The annual accounts of the subsidiary companies are kept for inspection by any member at the Registered Office of the Company as well as at the Registered Office of the respective subsidiary companies and also available on the website of the Company, www.neulandlabs.com. Any member interested in a copy of the accounts of the subsidiaries may write to the Company Secretary at the Registered Office of the Company.
Your Company has two subsidiaries, Neuland Laboratories K.K., Japan and Neuland Laboratories Inc. USA, working on market development. Your Company does not have any joint venture or associate companies. Further there has been no material change in the nature of business of the subsidiaries.

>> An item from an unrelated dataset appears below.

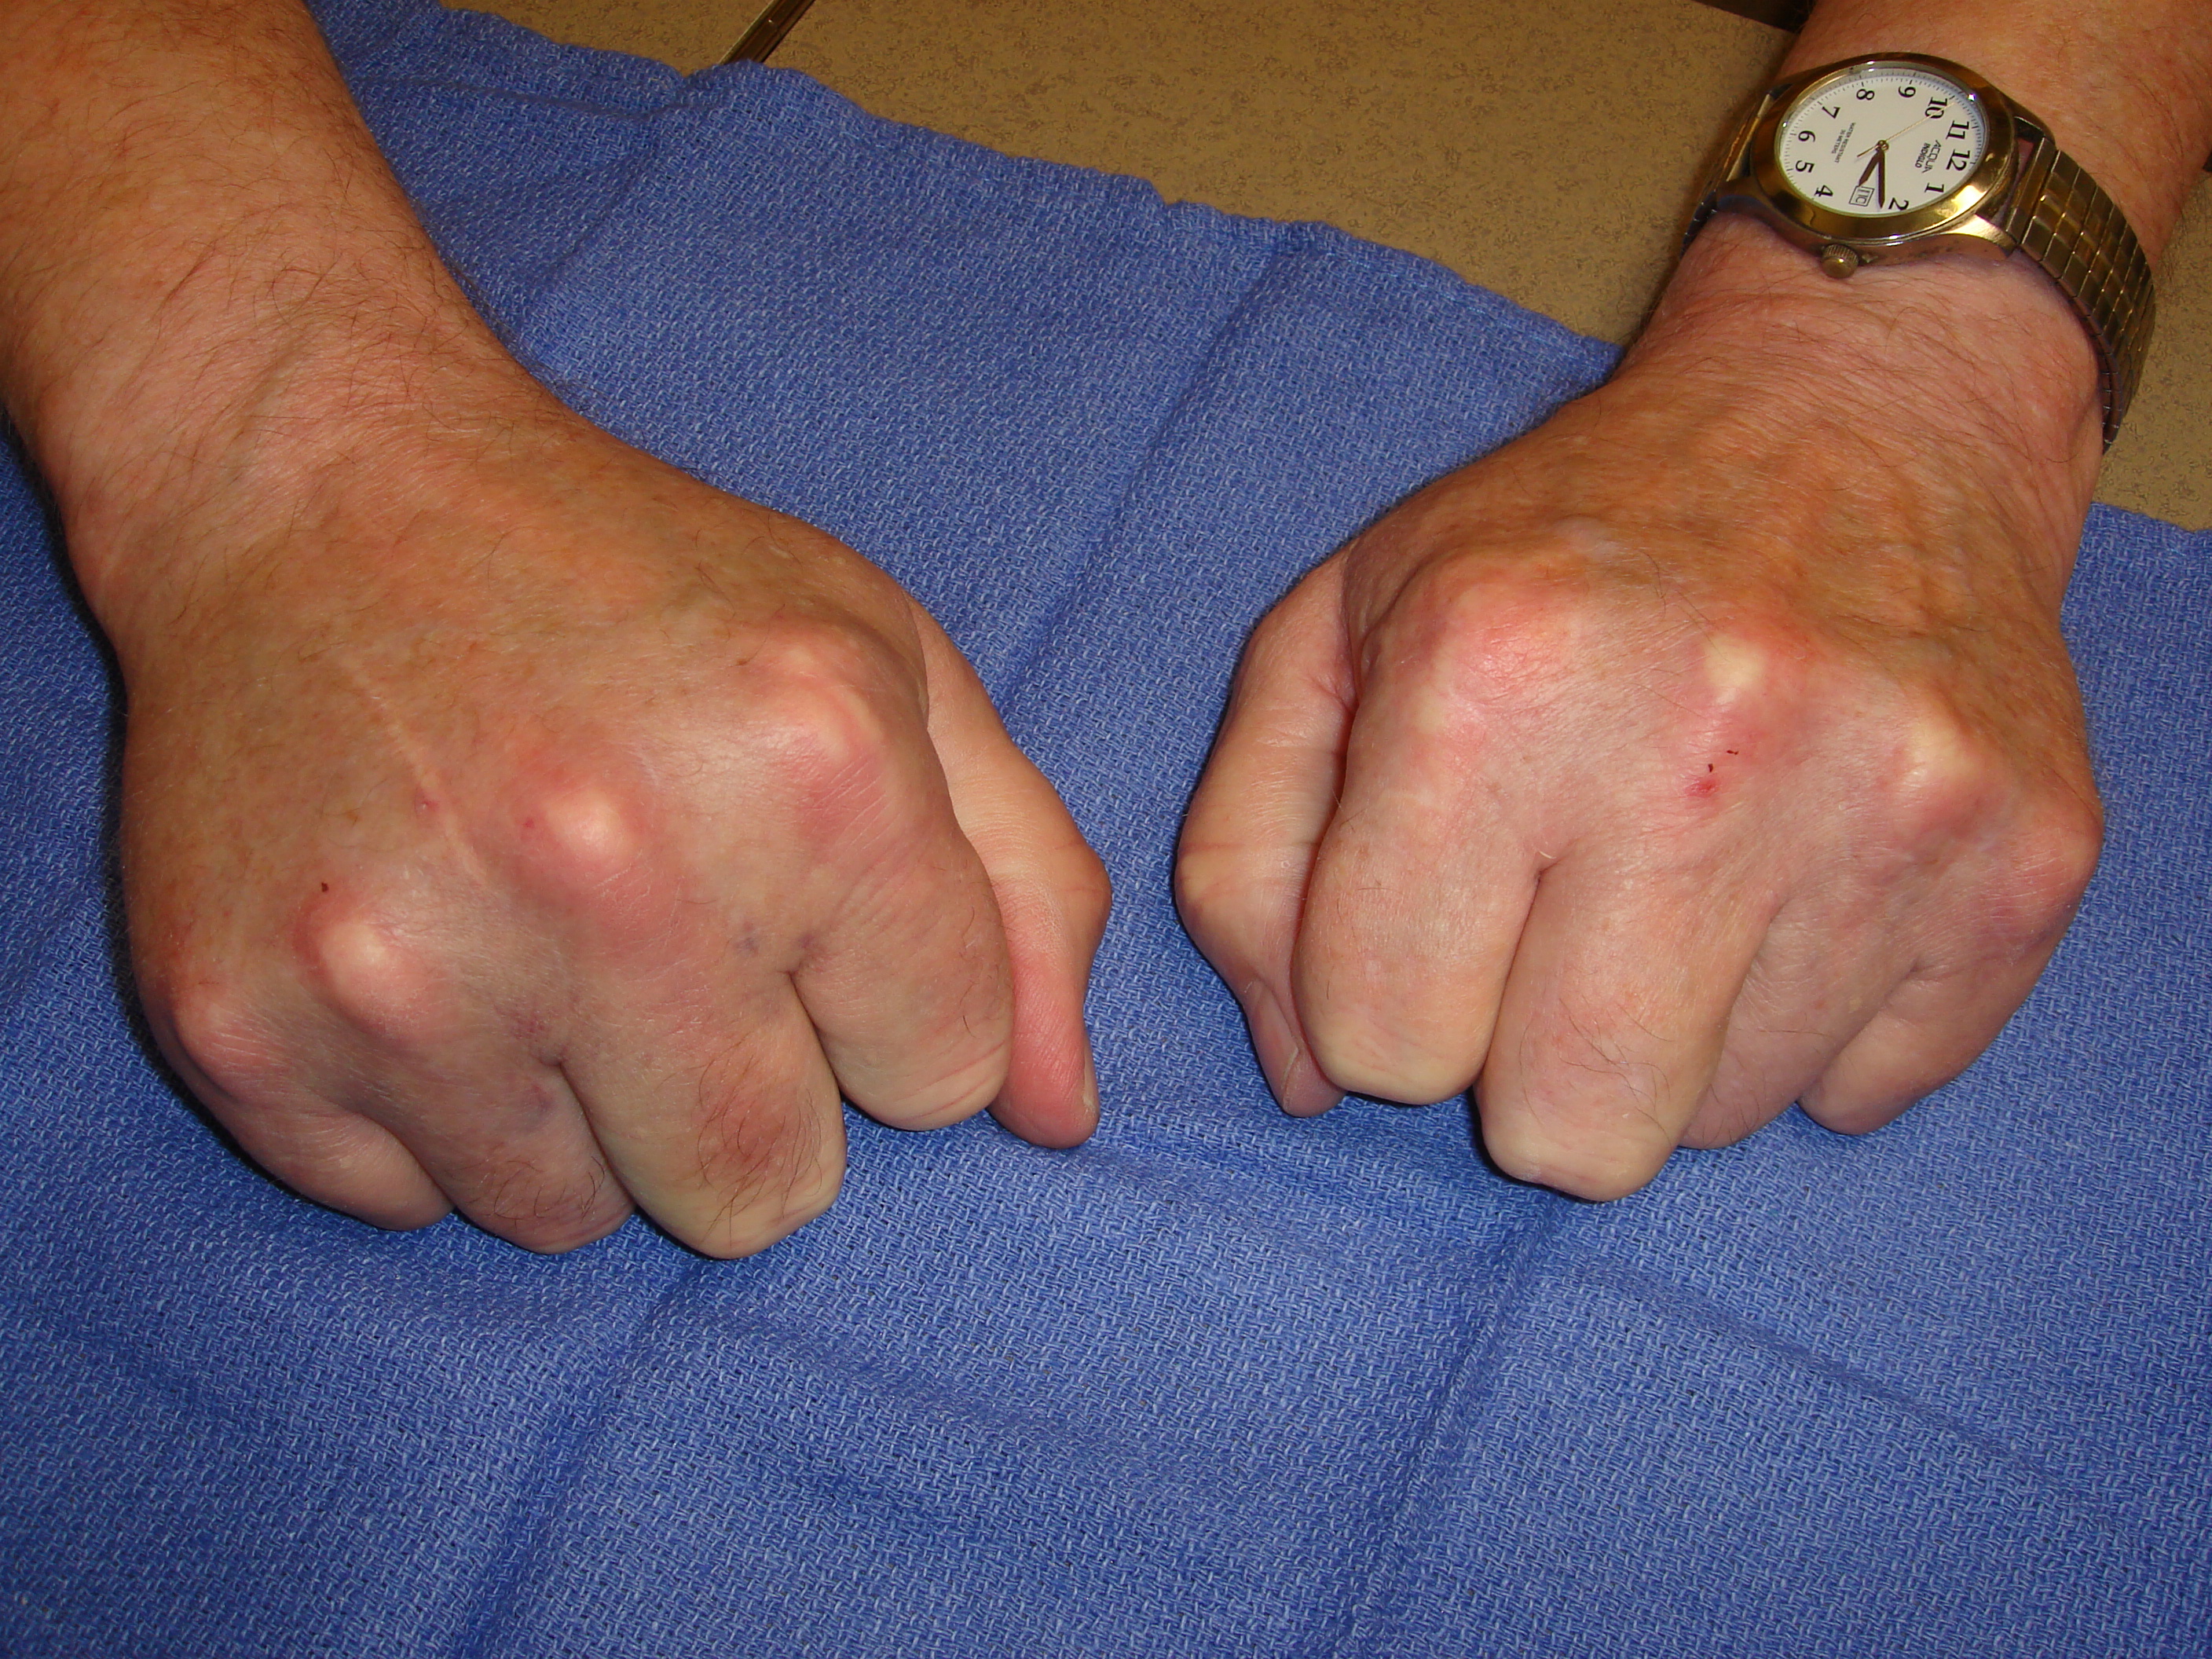 Figure 7b: At the 48-hour visit his right hand is minimally swollen; however, he also has mildly uncomfortable axillary bruising with enlarged nodes.

A report on the performance and financial position of the subsidiaries, set out in the prescribed form AOC-1 in terms of proviso to sub section (3) of Section 129 of the Companies Act, 2013, as amended from time to time, is provided as Annexure to the consolidated financial statements and hence not repeated here.
Documents uploaded on the Website
The following documents are available on the website of the Company (www.neulandlabs.com) in compliance with Companies Act, 2013, as amended from time to time:
Unpaid dividend details as per Section 124(2)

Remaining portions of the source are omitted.